:: SUPPLIED RECORDS ::

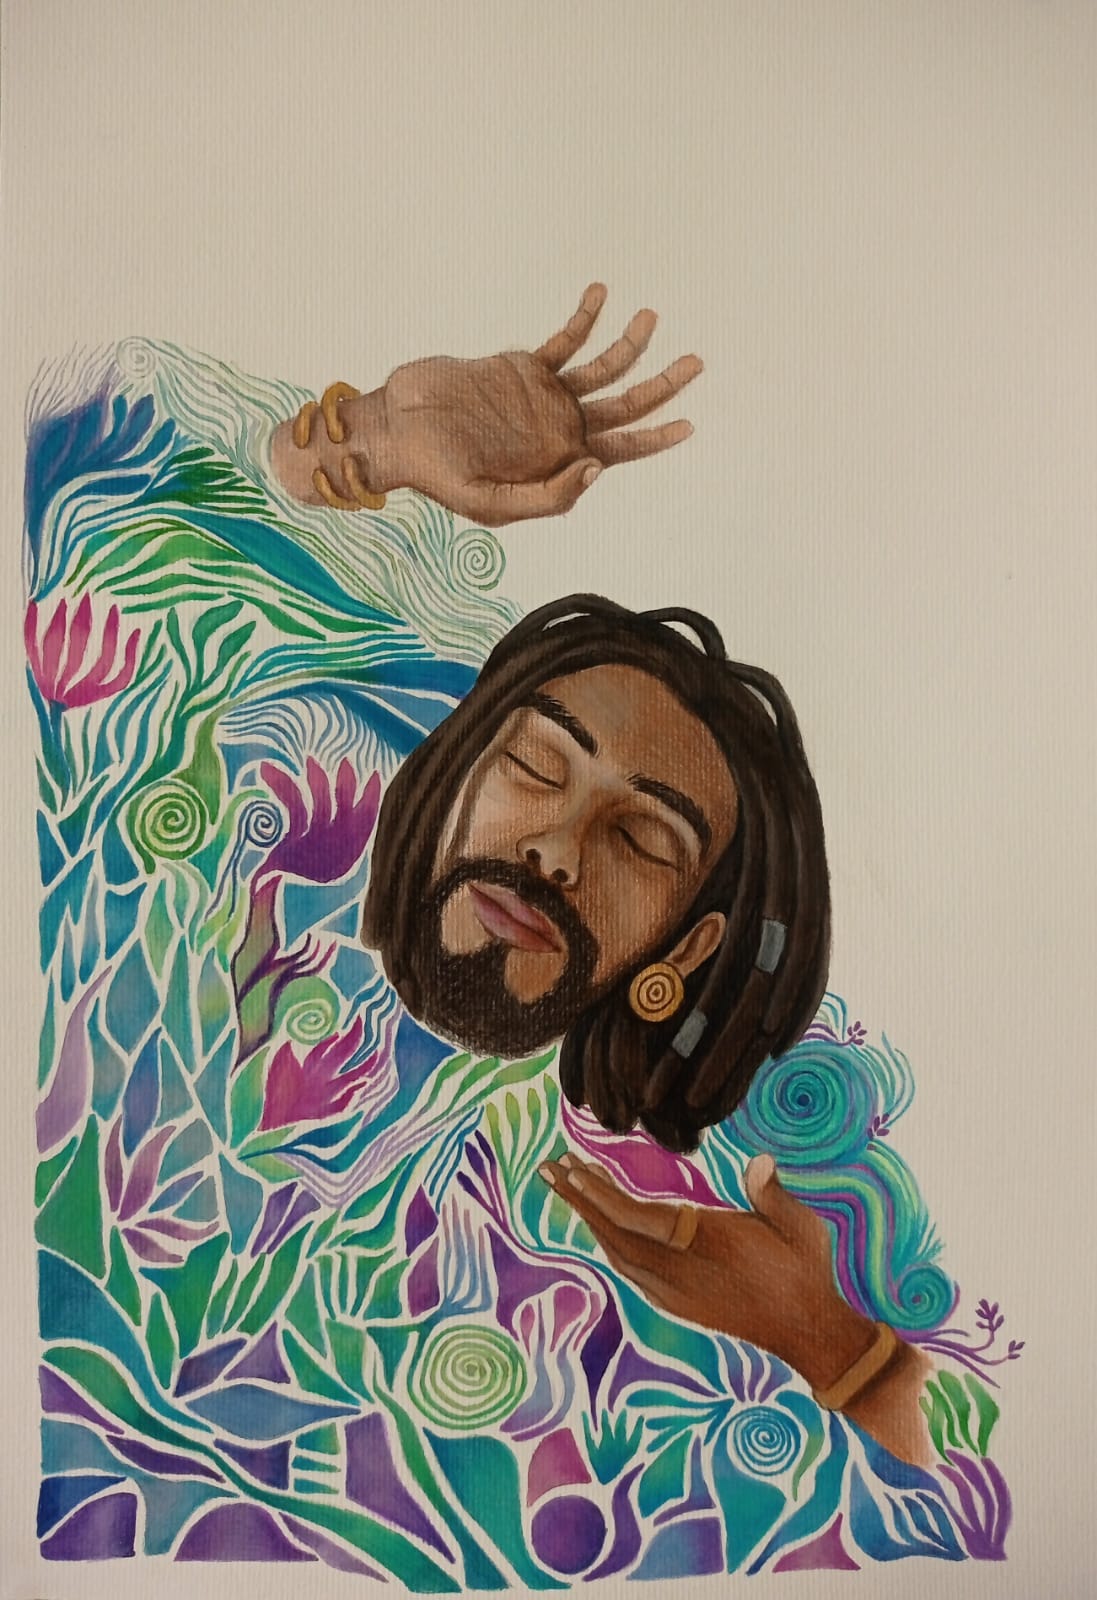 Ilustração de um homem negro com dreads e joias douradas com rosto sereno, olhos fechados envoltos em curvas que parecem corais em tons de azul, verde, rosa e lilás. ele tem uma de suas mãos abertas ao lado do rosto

:::
:: SUPPLIED RECORDS ::

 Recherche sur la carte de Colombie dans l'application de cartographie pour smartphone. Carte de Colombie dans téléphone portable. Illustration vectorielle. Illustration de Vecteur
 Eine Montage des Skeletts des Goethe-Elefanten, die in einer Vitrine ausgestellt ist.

:::

Using only the listing above, restate exactly the lines from the line containing "Recherche sur la" through the line containing "Eine Montage des", both included.

 Recherche sur la carte de Colombie dans l'application de cartographie pour smartphone. Carte de Colombie dans téléphone portable. Illustration vectorielle. Illustration de Vecteur
 Eine Montage des Skeletts des Goethe-Elefanten, die in einer Vitrine ausgestellt ist.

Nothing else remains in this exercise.